Fig. 4. (a) Simulated single 3.5 THz feedhorn pattern. (b) Measurement of the dual feedhorn QCL device at 3.5 THz. The scan extent in each case is 70 × 70 mm2 and the Golay detector aperture was 3 mm diameter. The power scale applies to both images.

Fig. 5. Top most image: 3.5 THz QCL dual beam profile sampled with a 2 mm diameter Golay detector aperture. Corresponding normalized horizontal and vertical antenna beam profiles measured across each diagonal feedhorn output (left and right beam) are shown in the bottom images (separate points) and with a Gaussian fit profile superimposed (continuous line). In most cases the beam FWHM is in close agreement with the simulated value of 5°.
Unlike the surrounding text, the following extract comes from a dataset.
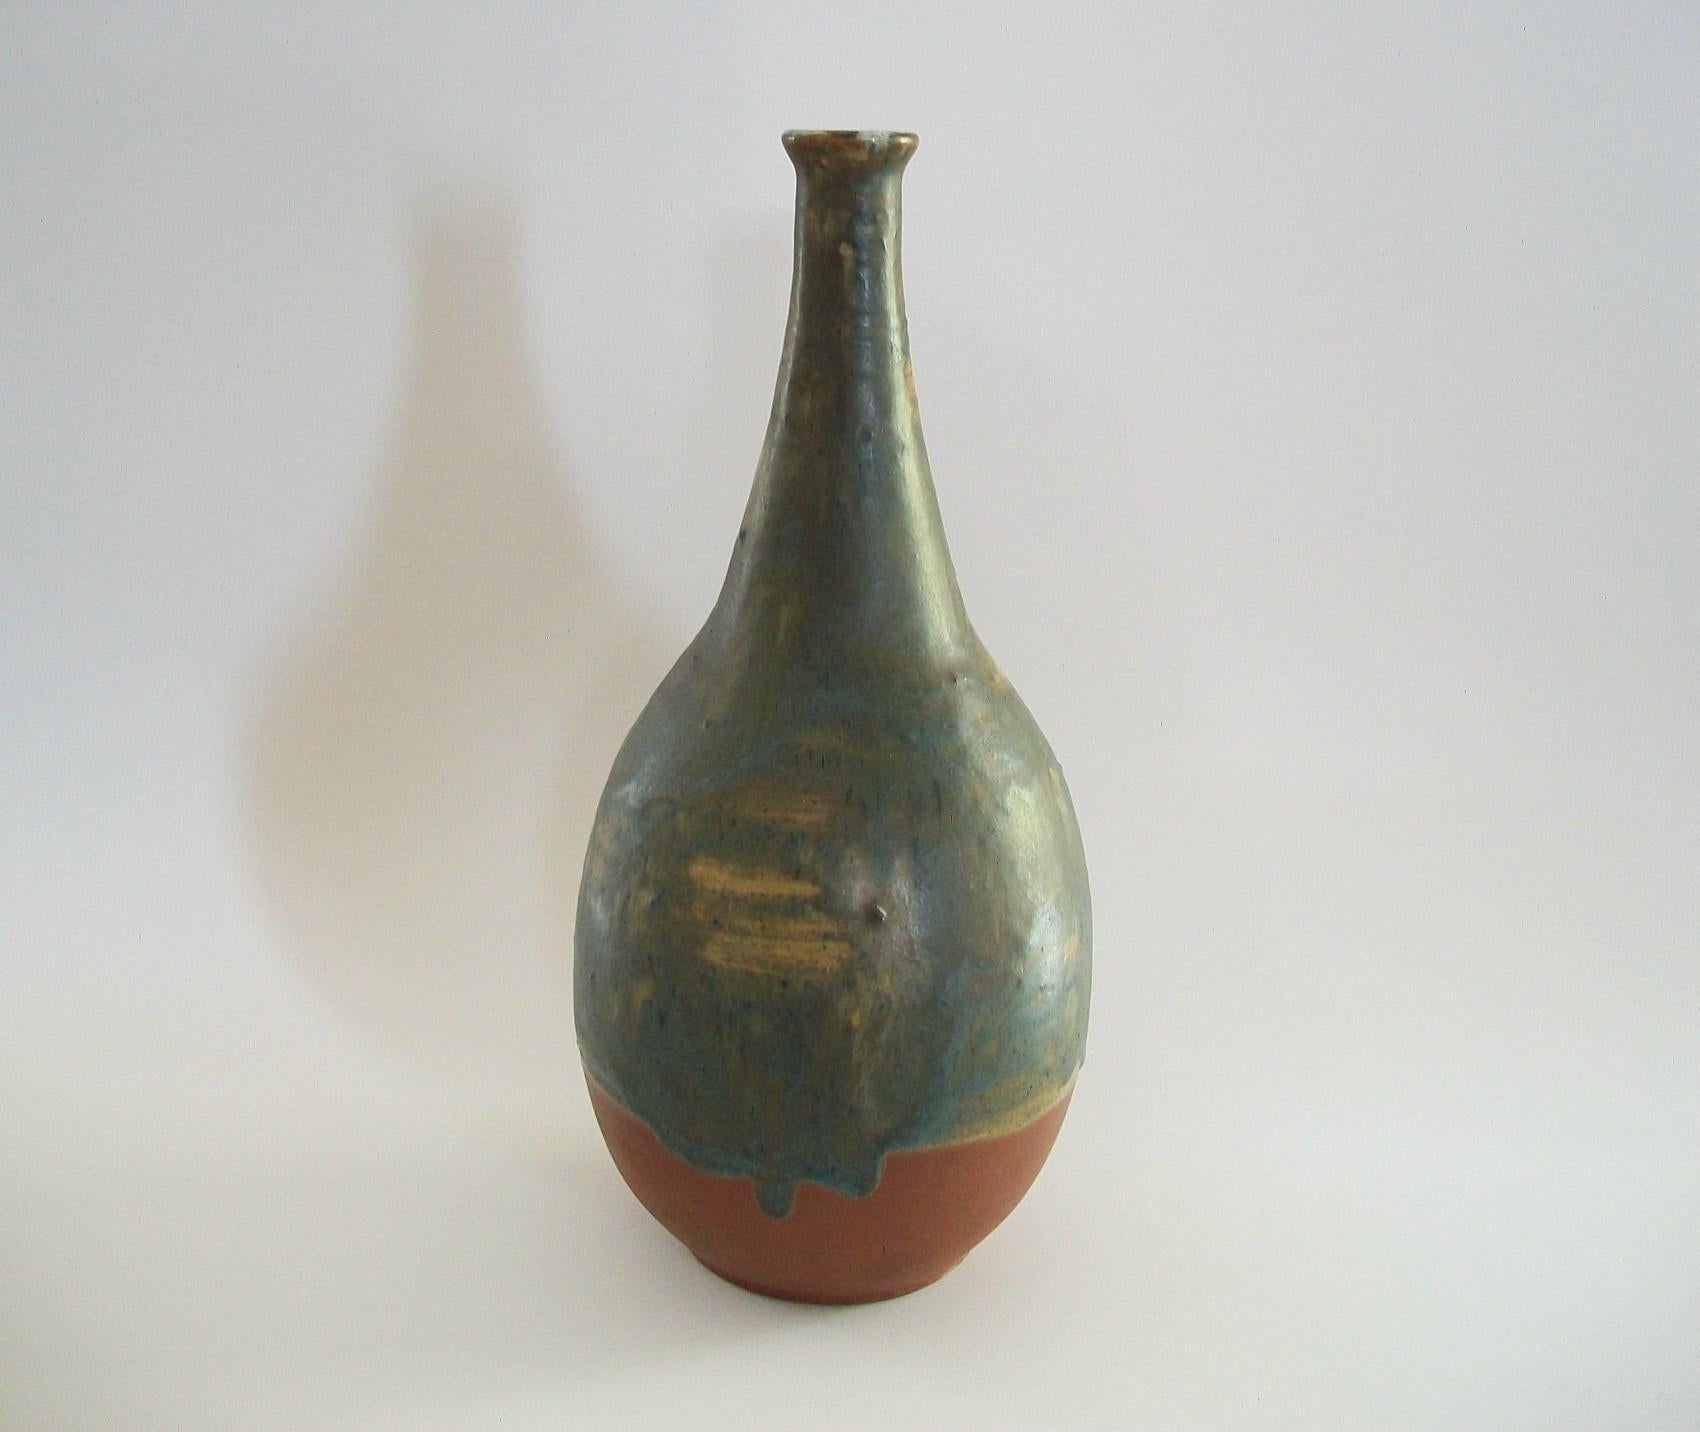 Treimane Art Pottery - Midcentury Studio Pottery Vase - Canada - circa 1960s In Good Condition For Sale In Chatham, ON

Given the agreement with single beam simulation, we believe that the QCL signal is propagating in a fundamental transverse electric (TE10) mode within the waveguide, i.e. in the same mode used to excite the feedhorn simulation model. The results obtained represent a very substantial improvement in QCL output beam quality. This, in turn, demonstrates that a waveguide and diagonal feedhorn combination offers a very effective means of propagating a supra-THz QCL output signal.

Optical breadboard test

A breadboard payload structure has been developed as an essential step toward demonstrating a supra-THz heterodyne receiver intended for use in a future Earth-observation satellite – LOCUS (Linking Climate, the Upper-atmosphere and Space weather) [Reference Rea, Ellison, Swinyard, Linfield, Davies, Saunders, Parkes, Gerber, Henry, Wang, Alderman and Auriacombe6]. The breadboard incorporates the cryogenic system described in the section “QCL integration and cooling” and a quasi-optical train consisting of a 480-mm-diameter primary mirror and 100-mm-diameter secondary mirror that together form an offset Cassegrain telescope. Figure 6 shows a computer-aided design (CAD) view of the breadboard and Fig. 7 shows photographs of the constructed system, including the signal path between the QCL and mirrors. In order to allow inclusion and operation of an IR 5 µm wavelength radiometer channel within the payload, and which further extends the proposed mission science, each mirror surface has been diamond machined to sub-micrometer surface accuracy.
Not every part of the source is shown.